(Data entries)
-=-=-=-=-

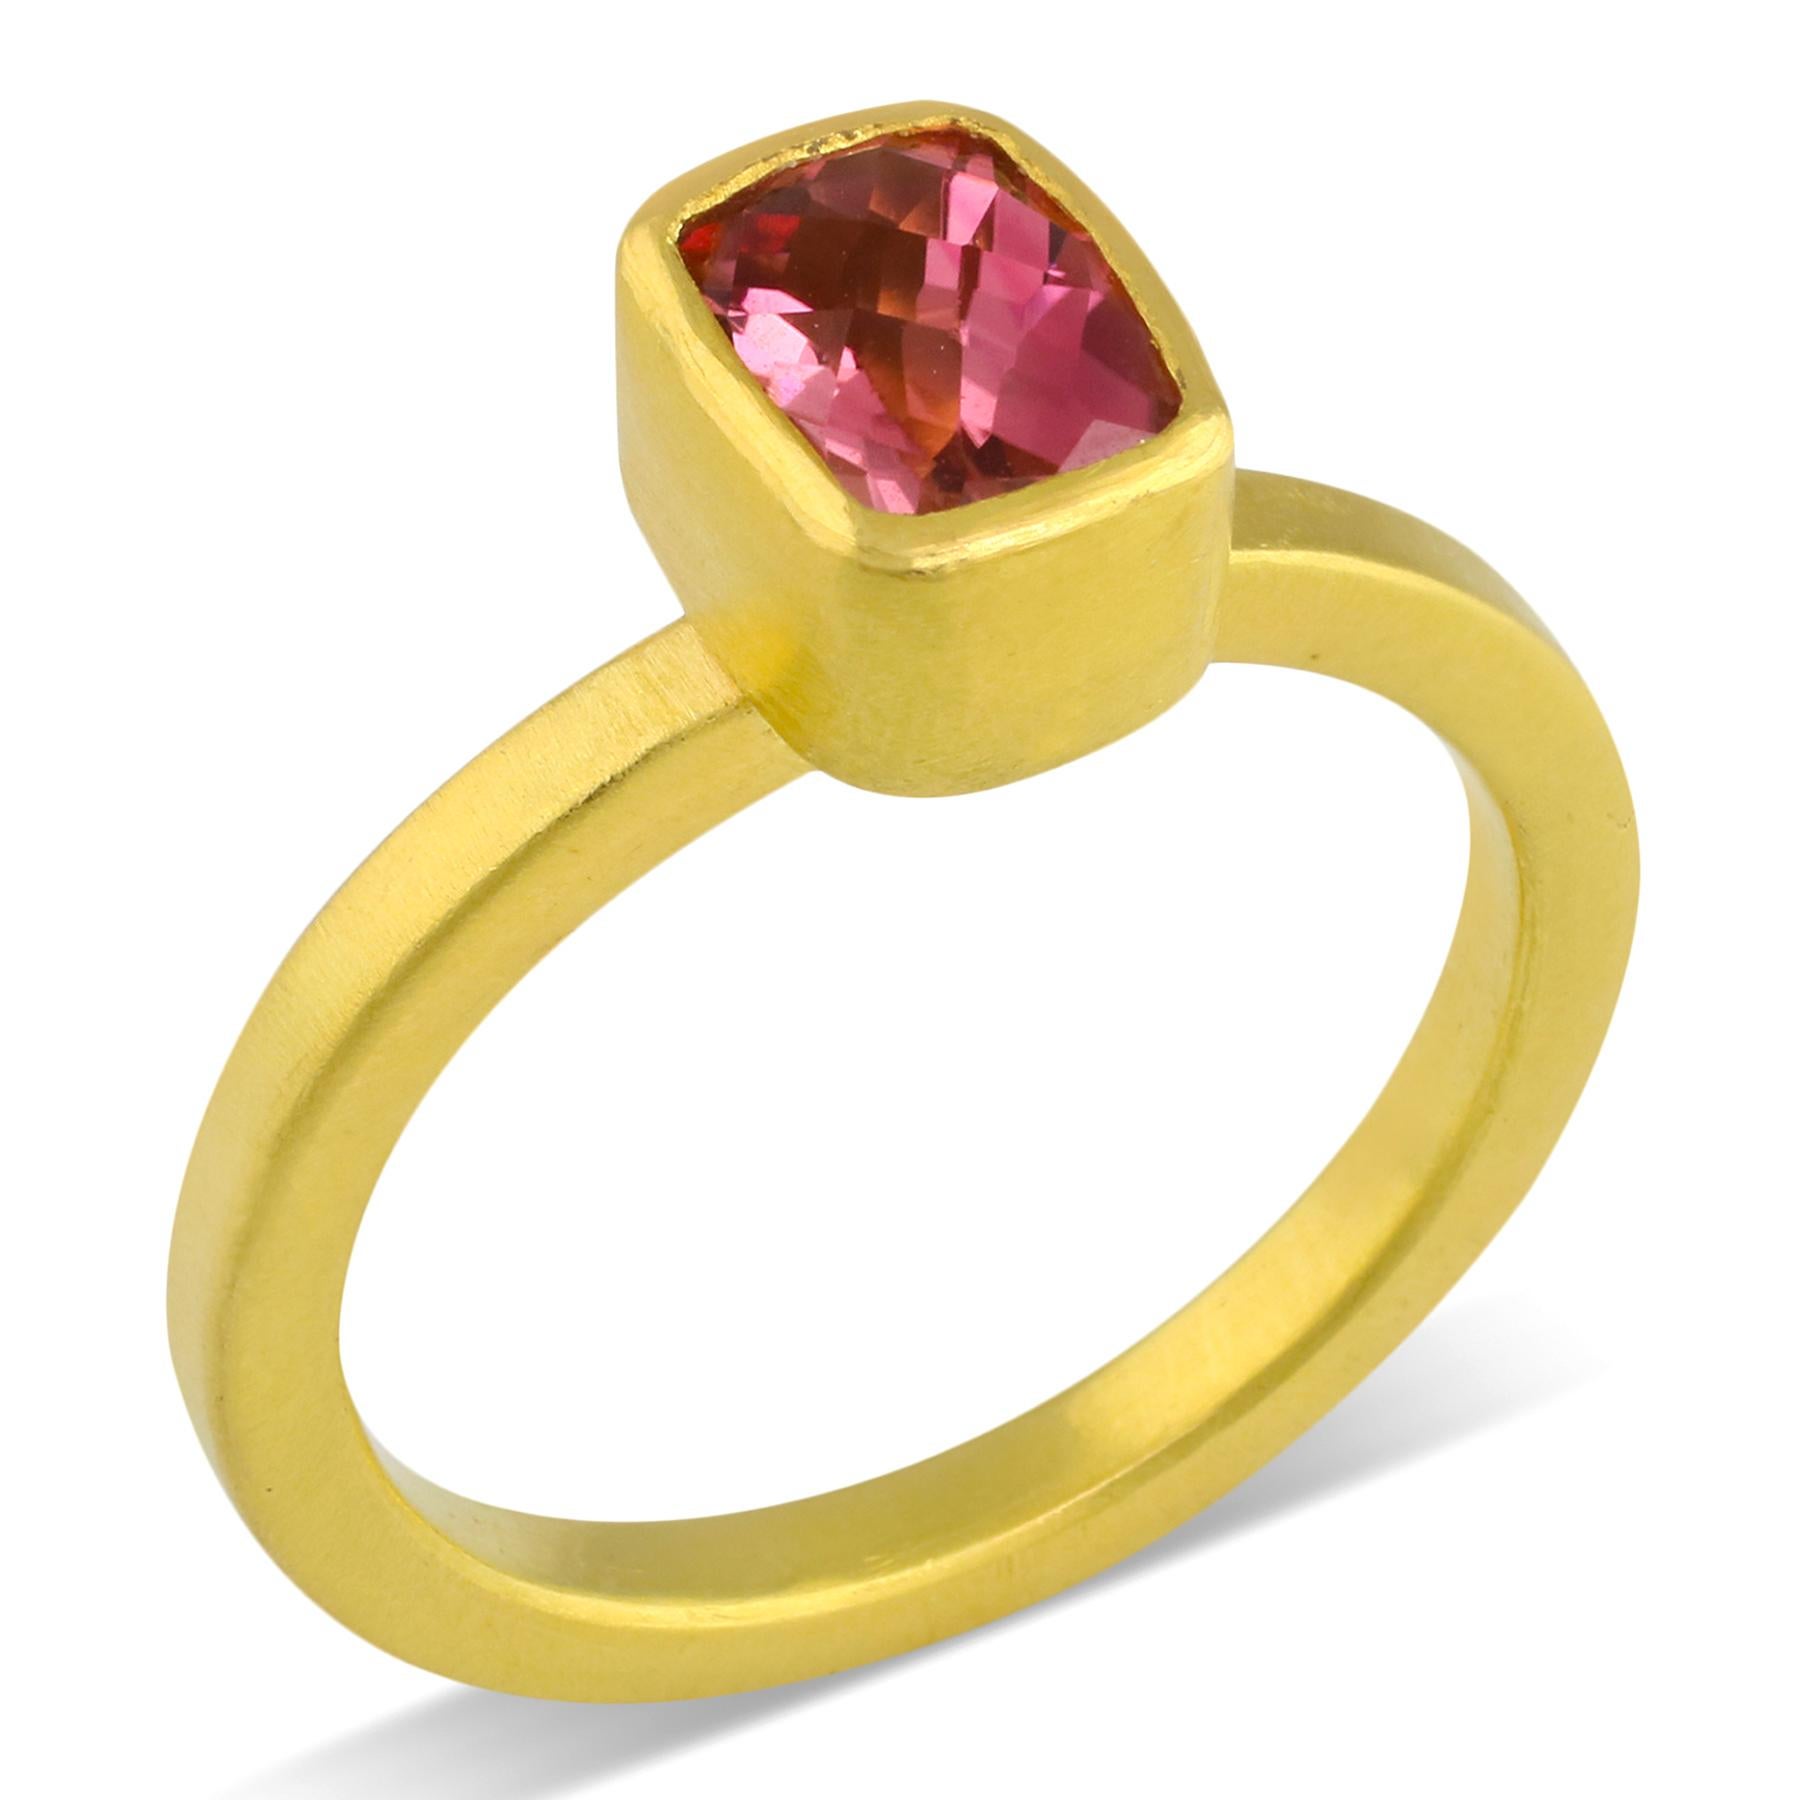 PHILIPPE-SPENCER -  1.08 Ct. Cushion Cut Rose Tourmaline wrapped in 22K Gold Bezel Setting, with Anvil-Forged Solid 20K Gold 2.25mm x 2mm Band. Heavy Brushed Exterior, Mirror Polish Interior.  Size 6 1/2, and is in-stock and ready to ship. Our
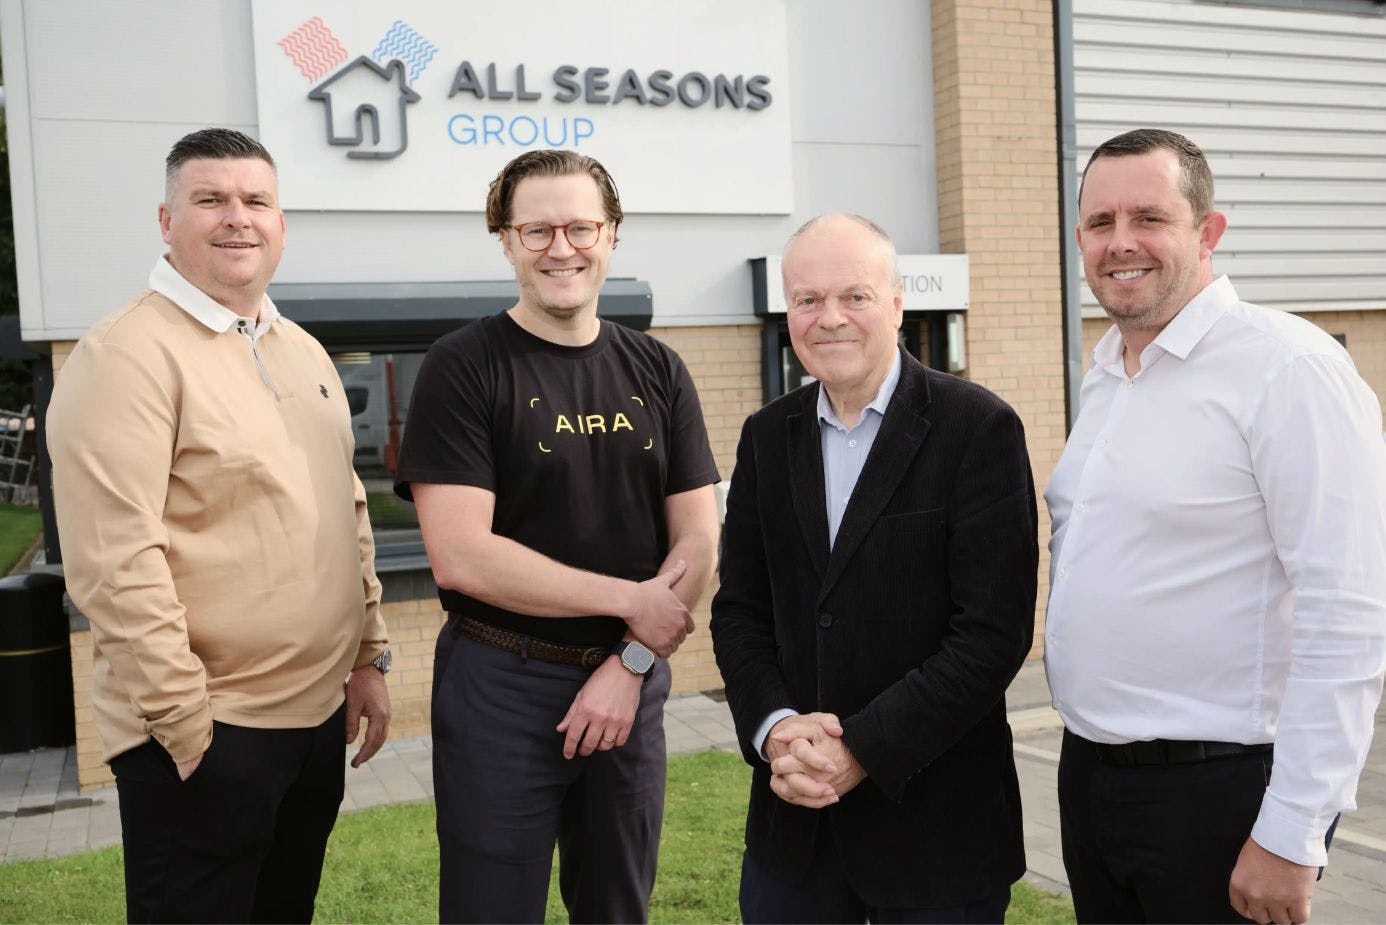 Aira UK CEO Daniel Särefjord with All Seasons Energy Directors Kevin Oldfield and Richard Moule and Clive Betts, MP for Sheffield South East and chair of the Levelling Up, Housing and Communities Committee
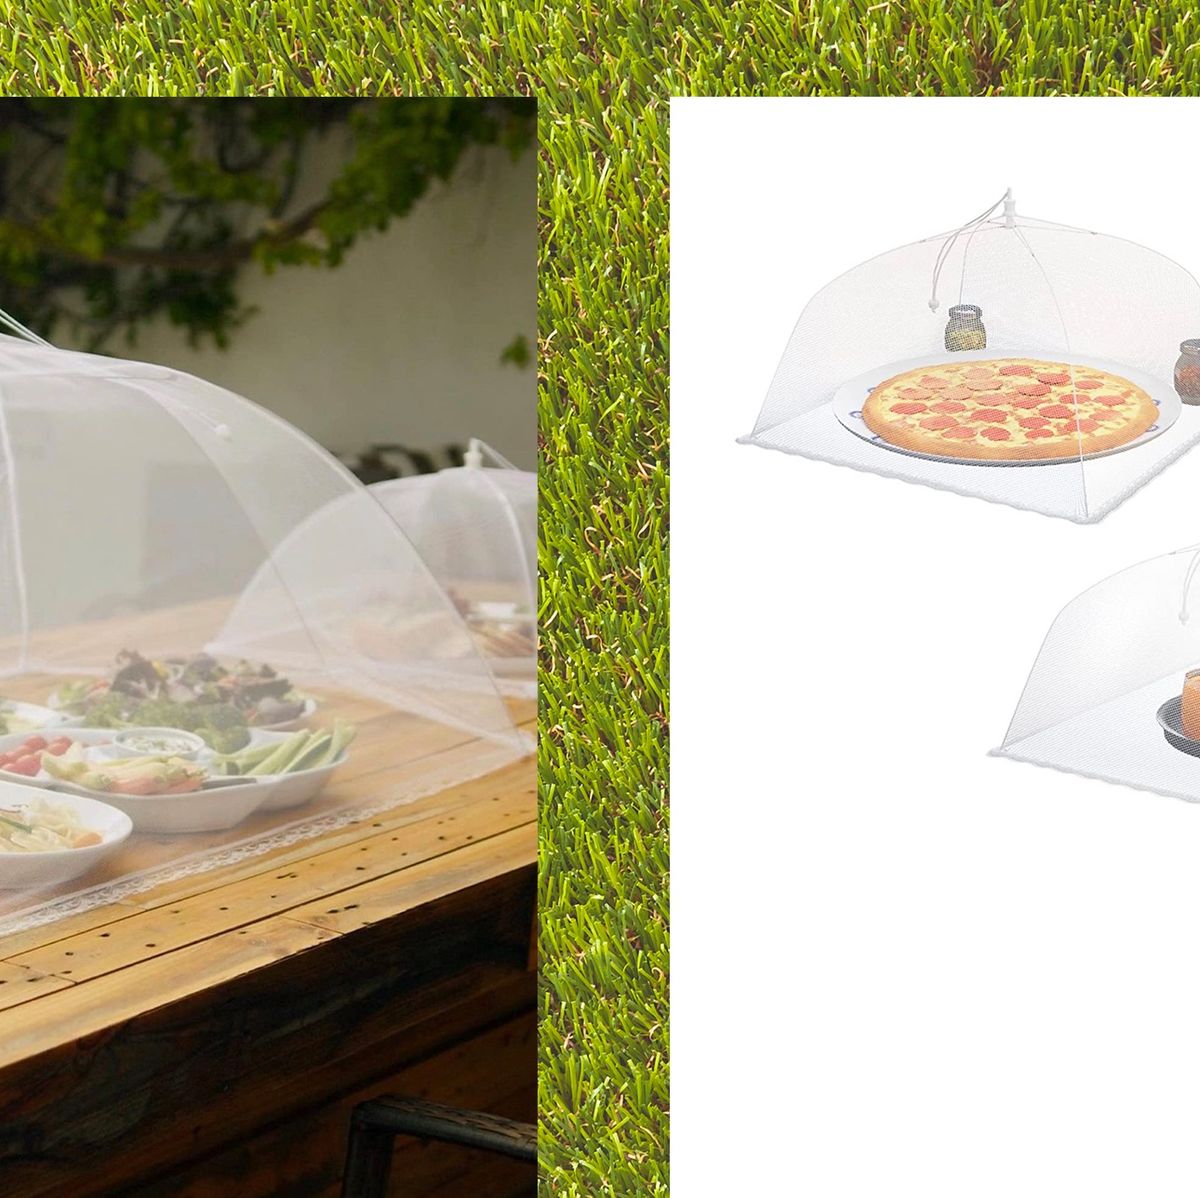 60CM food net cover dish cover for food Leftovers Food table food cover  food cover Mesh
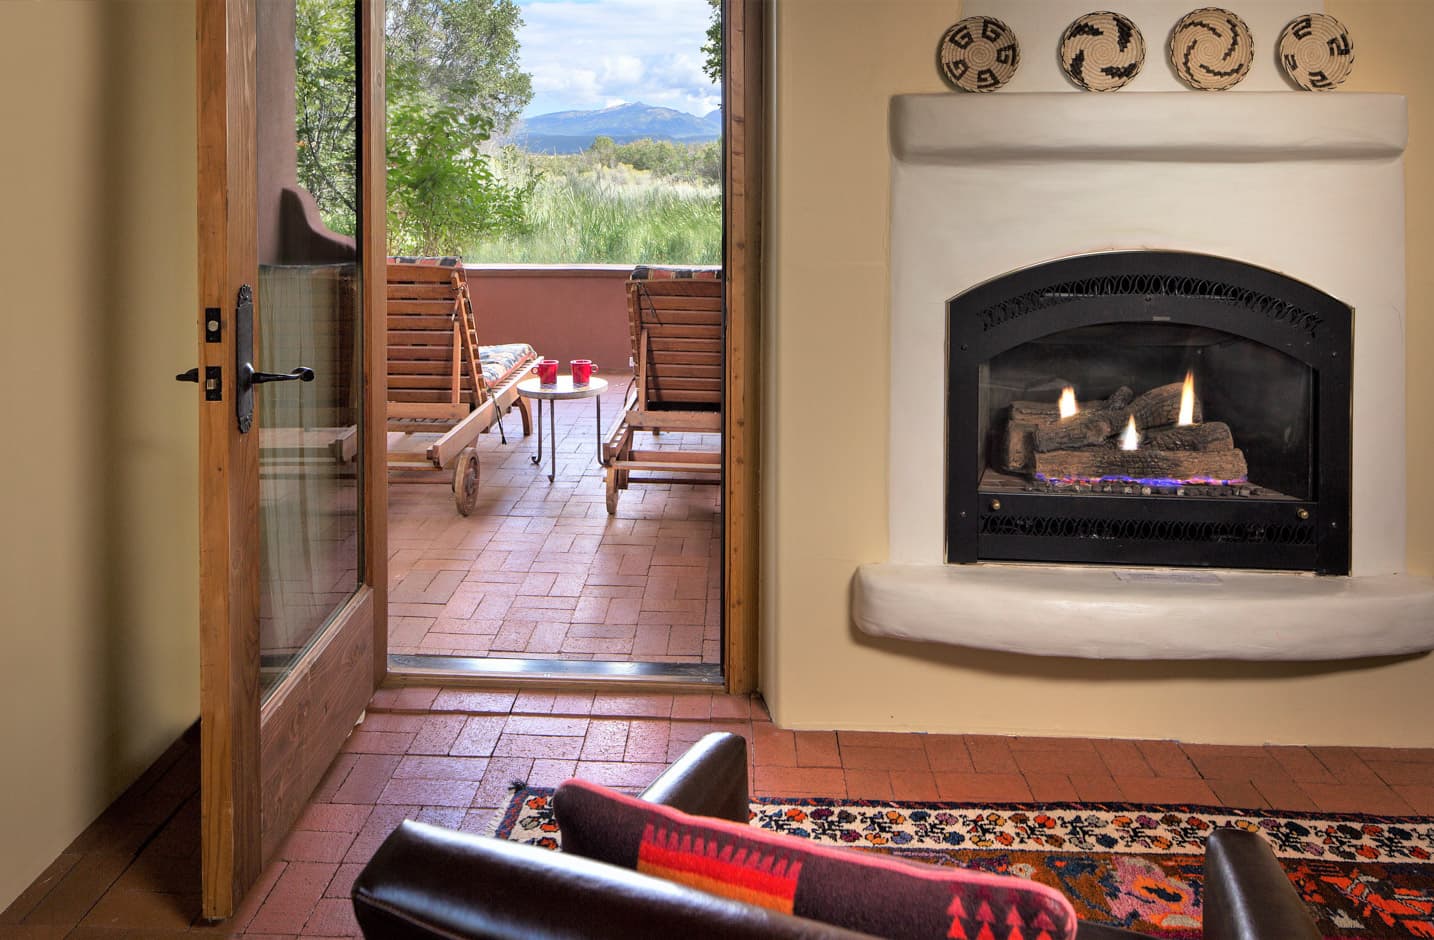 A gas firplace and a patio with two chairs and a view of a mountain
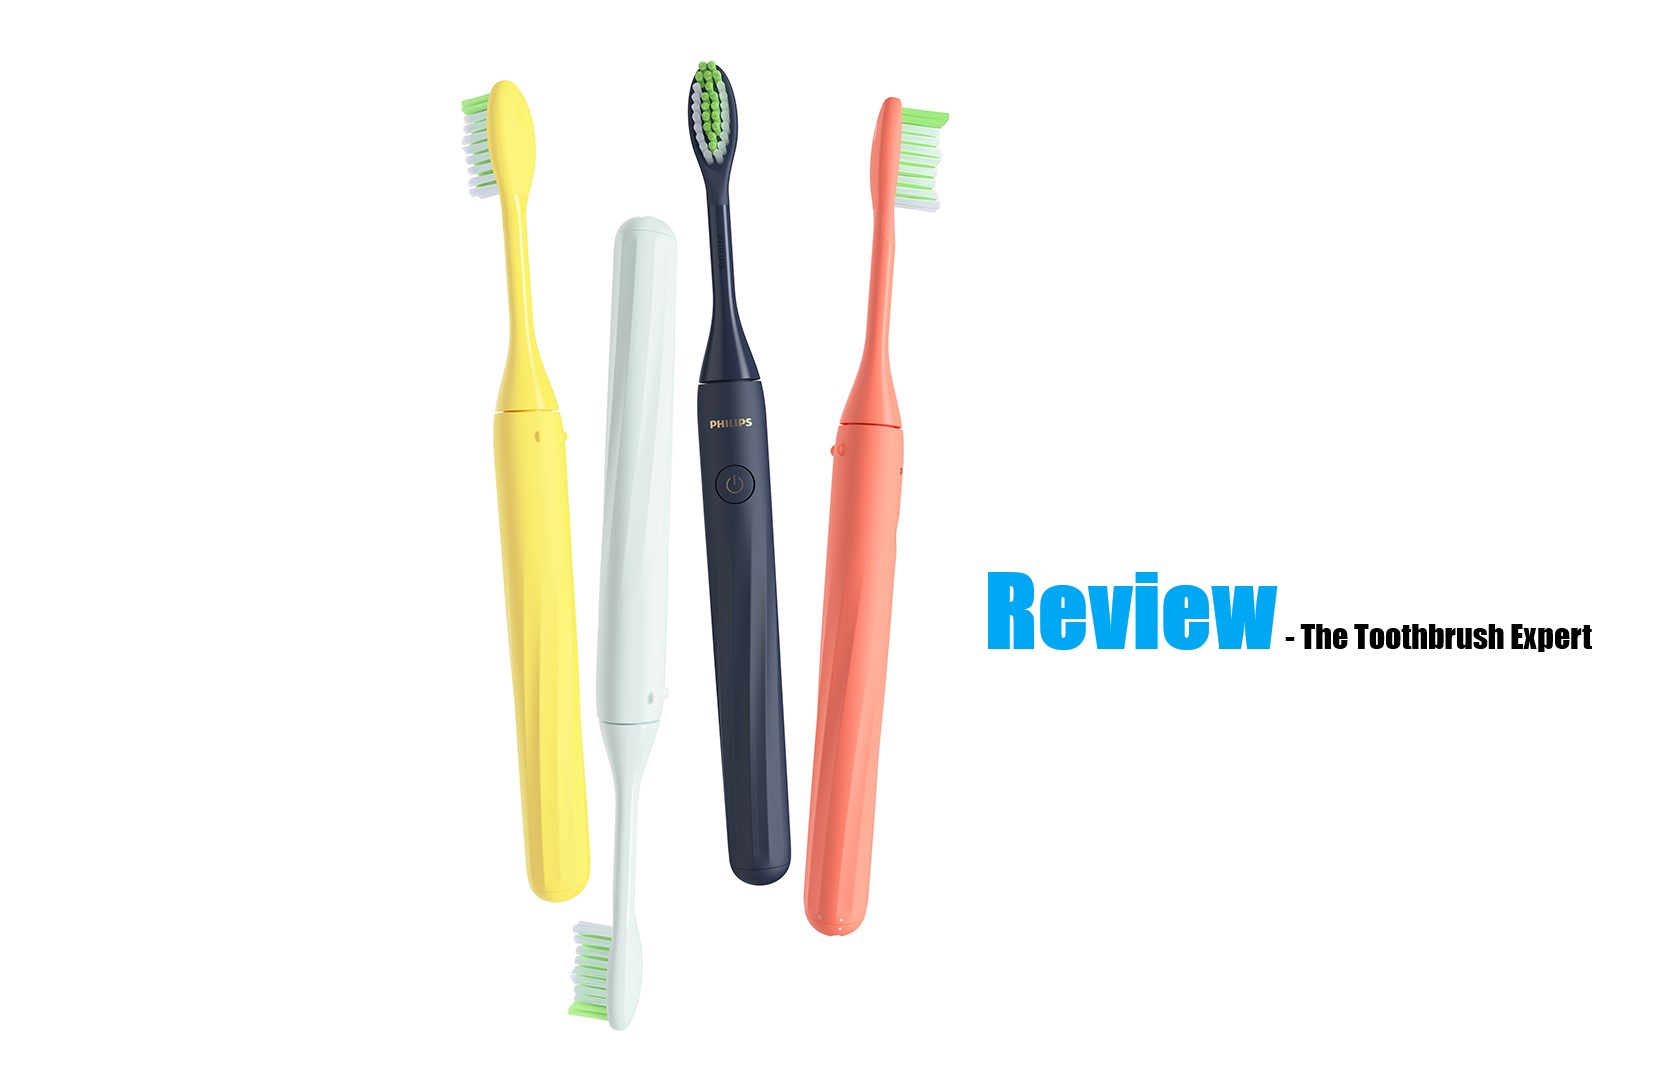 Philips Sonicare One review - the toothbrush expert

-=-=-=-=-

Omit the pictures. Write out exactly the lines from the one containing "A gas firplace" through the last line of the entries, both of them included.

Solution to this task ::
 A gas firplace and a patio with two chairs and a view of a mountain
 Philips Sonicare One review - the toothbrush expert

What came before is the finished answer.